On every results, we can see a 2d matrix which is called a confusion matrix. It shows how many texts were correctly classified and how many of them were misclassified. The diagonal elements shows the texts correctly classified and all other elements in the matrix shows number of texts that were misclassified.

So why is the accuracy a little low?

Well, NLI is not easy. It is not sentiment analysis where we have specific words like love, liked, enjoyed,good OR hate, worse, bad, stupid which are easy to classify. But for NLI, we have to look for hidden patters in the text which are common for people of one country which helps in showing the native language of the author.

And, to do that, we need large corpus (like Toefl11) and large training times for the model which is not possible with google colab. I was able to run the model for 4 epochs on colab. So, if you have the access to Toefl11 dataset and have a discrete GPU, do try to train it and compare the accuracy with what I achieved. It should easily surpass it.

Second, if you look at the second row of confusion matrix, that is for hindi. Most number of misclassified text were of Indians. What I think is due to different languages we speak all over India. NLI is basically the affect of your native language on your english. So, in India we all very diverse native languages; ranging from Tamil, Telgu, Urdu, Hindi, etc. So, a speaker of tamil language would have different affect on his english as compared to someone who speaks Urdu. That is why it is difficult to identify hidden similarity in English on Indians as they have different native languages and that's why our model performs a little worse on Hindi.

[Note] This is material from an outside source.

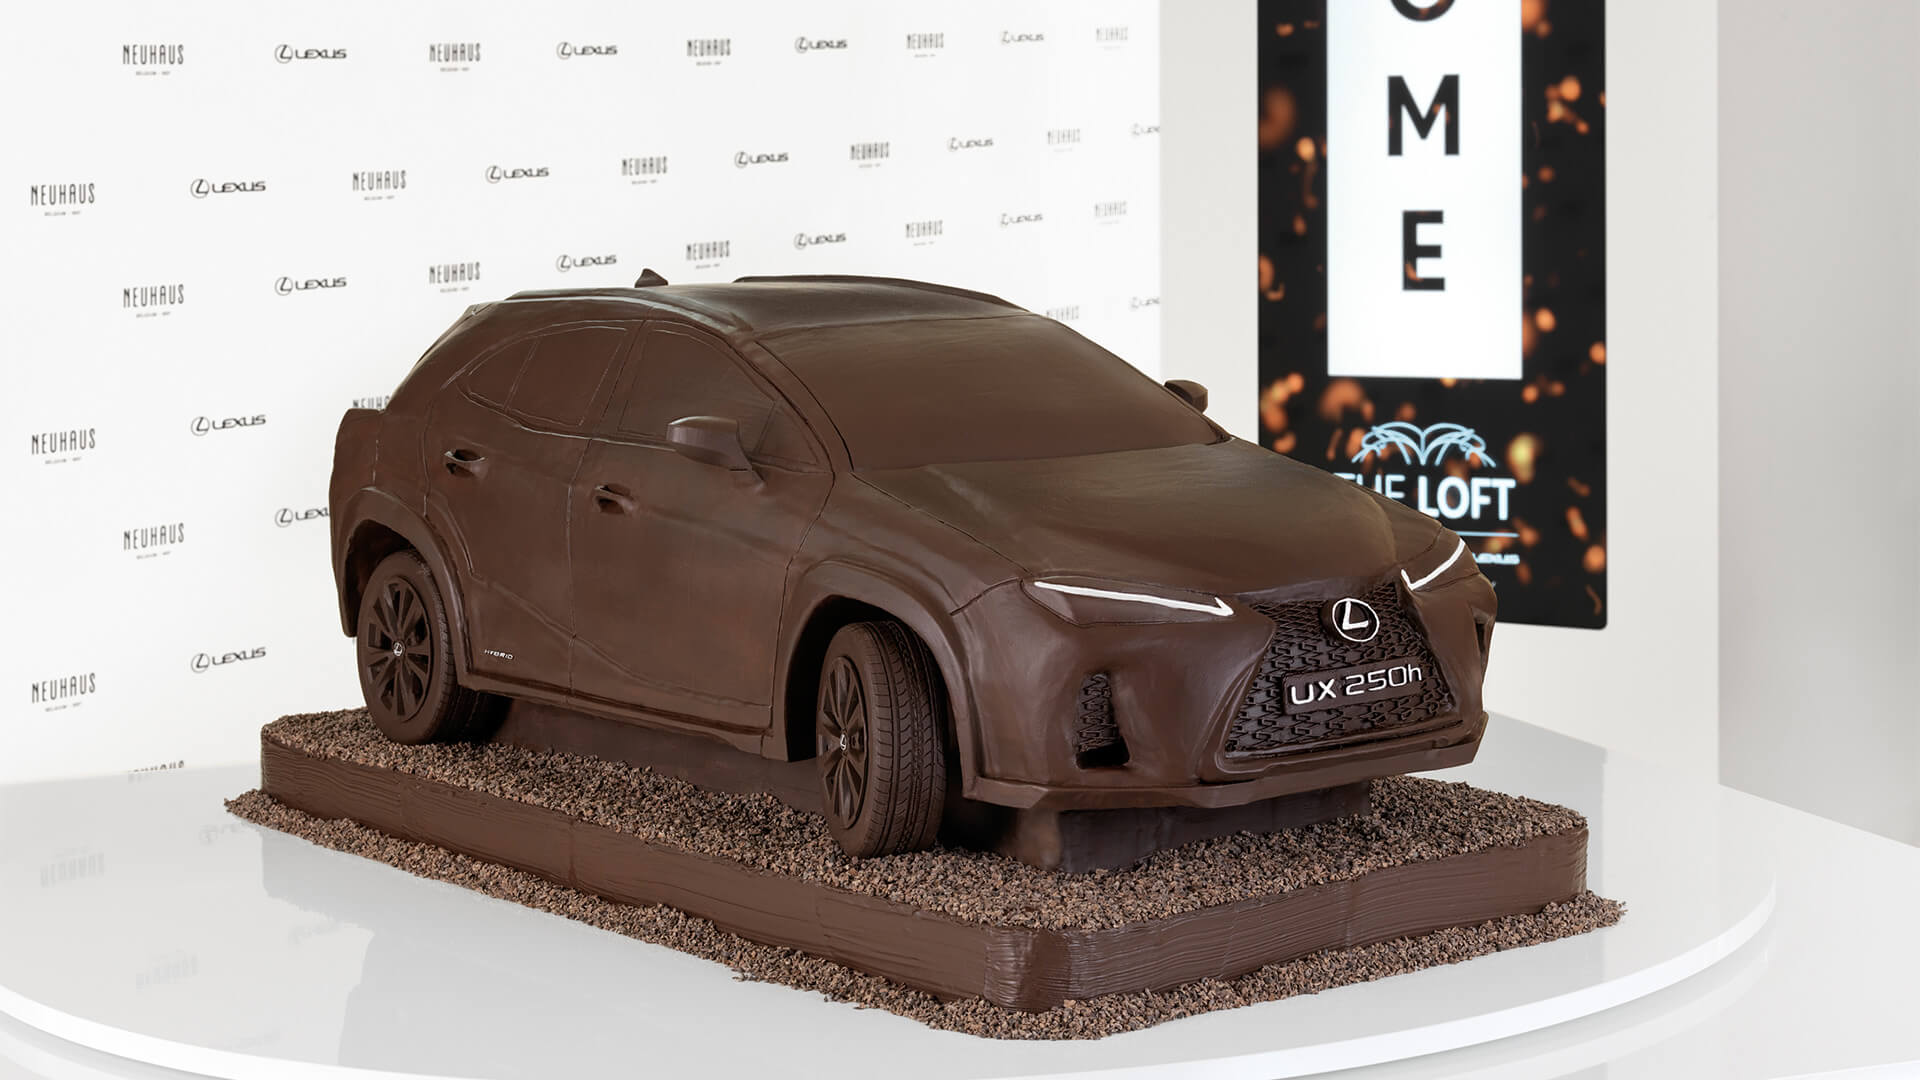 2019 lexus lounge UX Chocolate Car 1920x1080 01
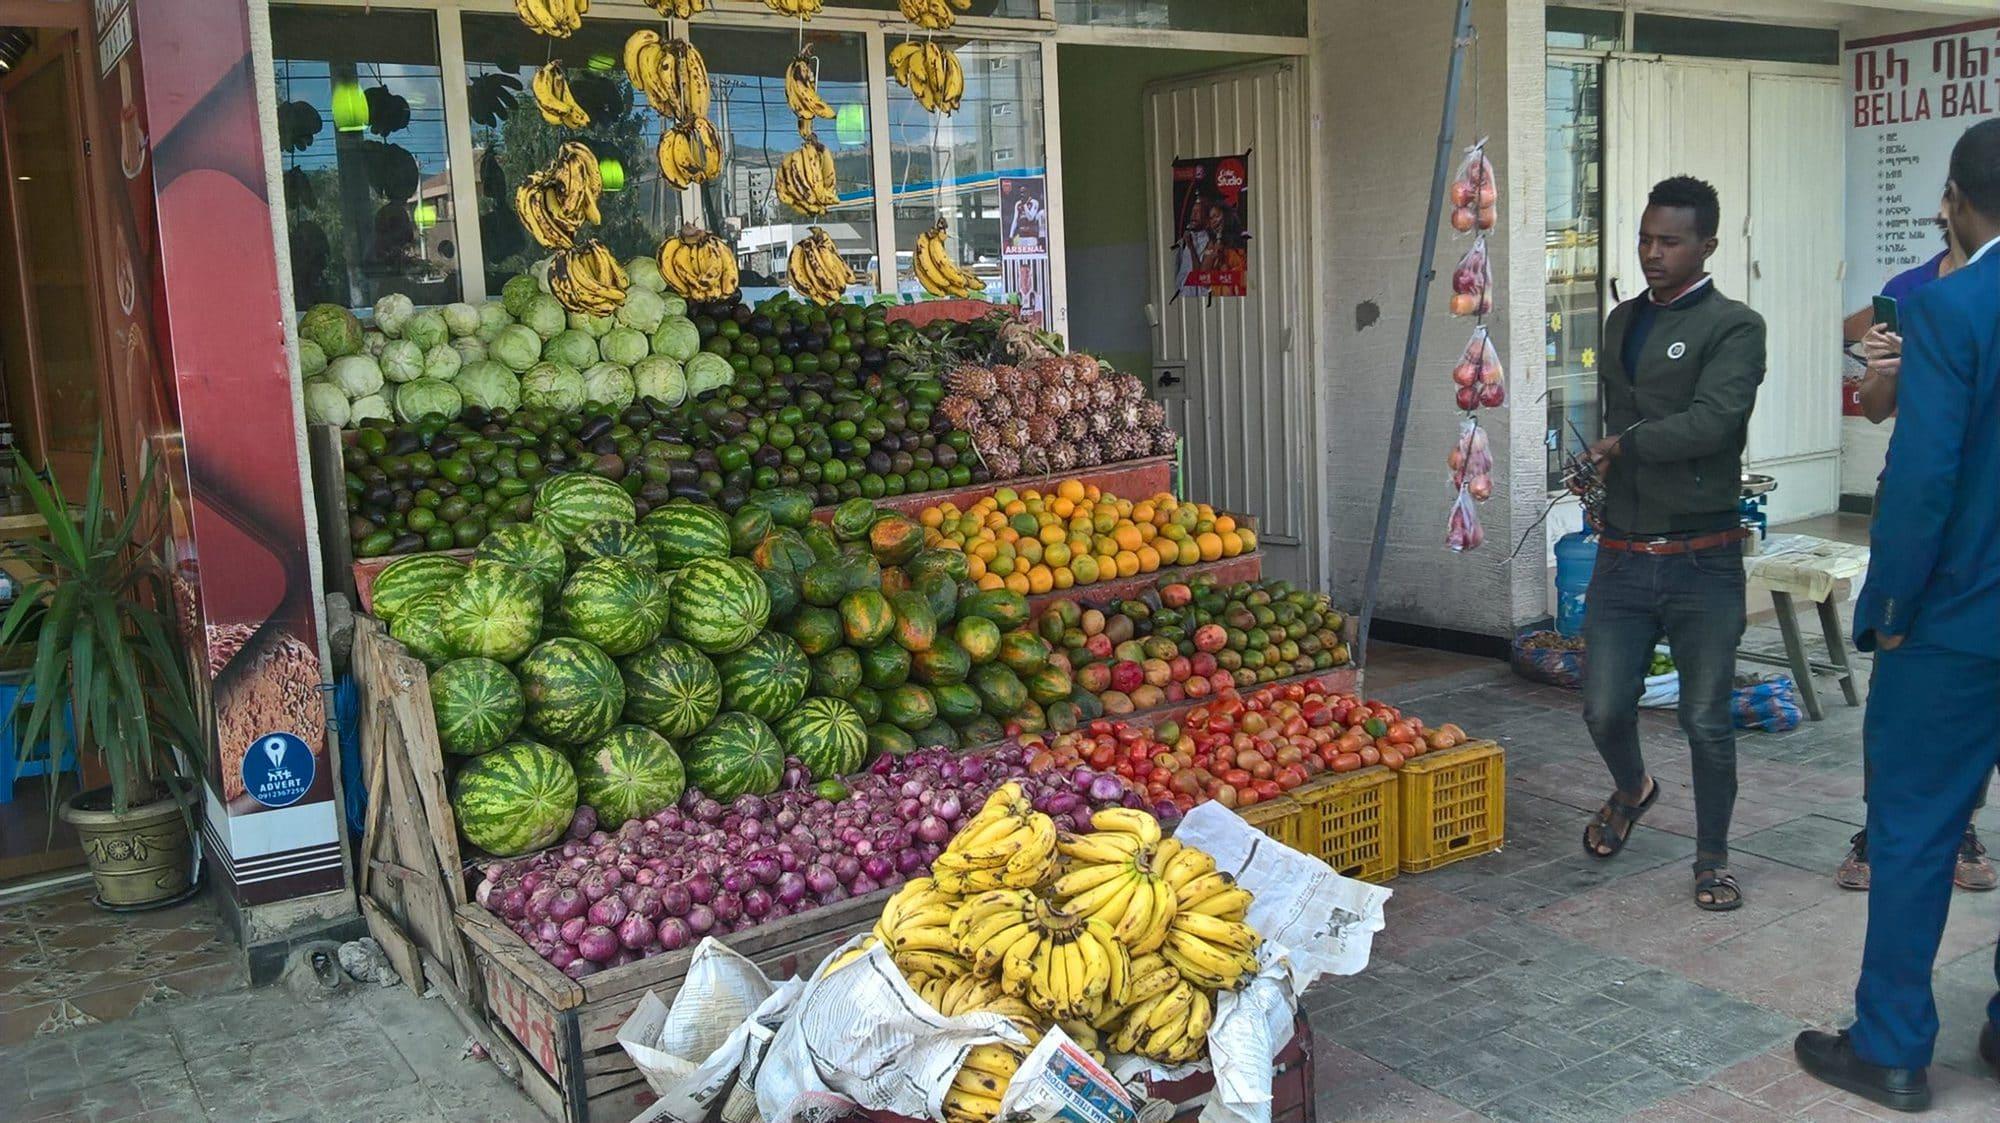 Fruit and vegetable shop in Addis Ababa, Ethiopia (photo credit: University of Florida/Geraldine Klarenberg).

What you can do further in this?

As I said, you can do a lot if you have GPU. You can train your models longer. You could also use a custom model and train it from scratch if you have the resources to train. But, be aware, to train such a model from scratch, you need to have large (in-fact huge) training data. But good thing is, to train language models, we don't need labeled data. We use unlabeled text data (which is widely available across the Internet!)